Zen

By Jane Miller

And off we went, Erik and I. Not looking back. Not worrying about the “what if’s” or the “what abouts,” but facing each day as we found it.

We sailed over 2,000 nautical miles. I had the third surgery for my face. We came back to Sisters for the fall and have spent our time with family and friends. Organizing businesses and doing paperwork, working outdoors, exercising, walking, hiking. Planning.

The changes to my left eye, the one that can see, started in early spring. Hundreds of floaters that looked like the murmurations of starlings Then came the flashes of light. The headaches. The difficulty seeing, the near impossibility of reading.

My third appointment for this was going to be with Dr. Davis on October 31, but the rate of change was scary so I moved it to as soon as they could fit me in. September 22

Good thing.

Dr. Davis said my eye was different.
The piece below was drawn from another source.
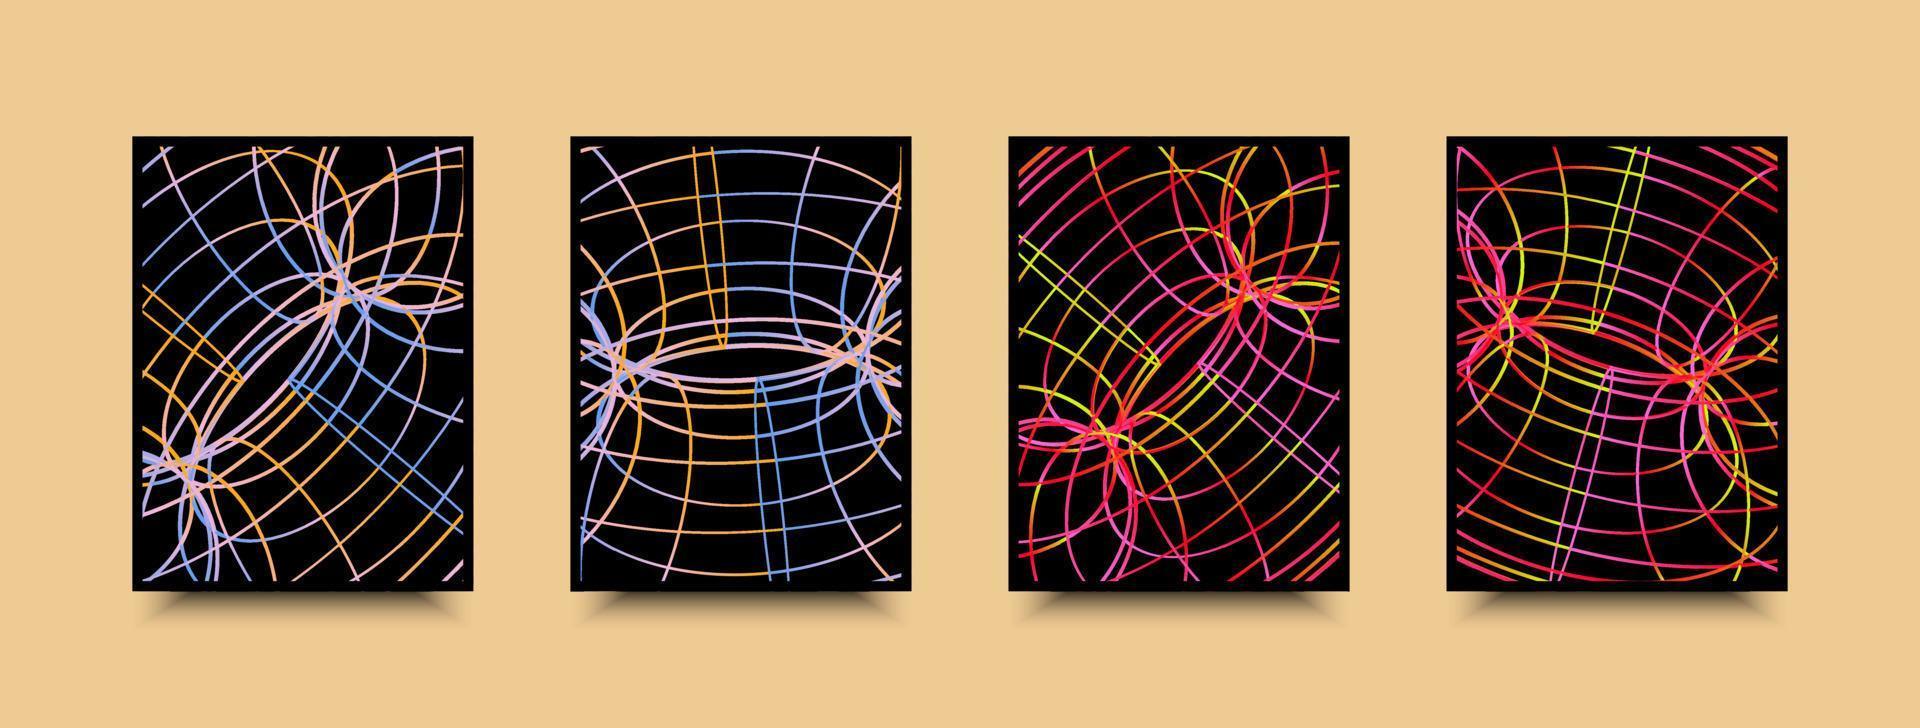 Geometrie Gitter Perspektive Drahtmodell Poster im Neon- Gradient Farben vektor

There were signs of inflammation. Blood in the vitreous. Thinking it was a retina issue, she quickly sent me up to Dr. Taylor in Retinology. Photos. Imaging. Ultrasound. Then the quick referral to Dr. Lin, expert in the “uvea,” the middle part of the eye..

She discovered more issues, damage to my optic nerve, inflammation, changes that could  have vastly different causes. Infection. Inflammation. The worst, though, was when she said “indications of ‘sympathetic ophthalmia.”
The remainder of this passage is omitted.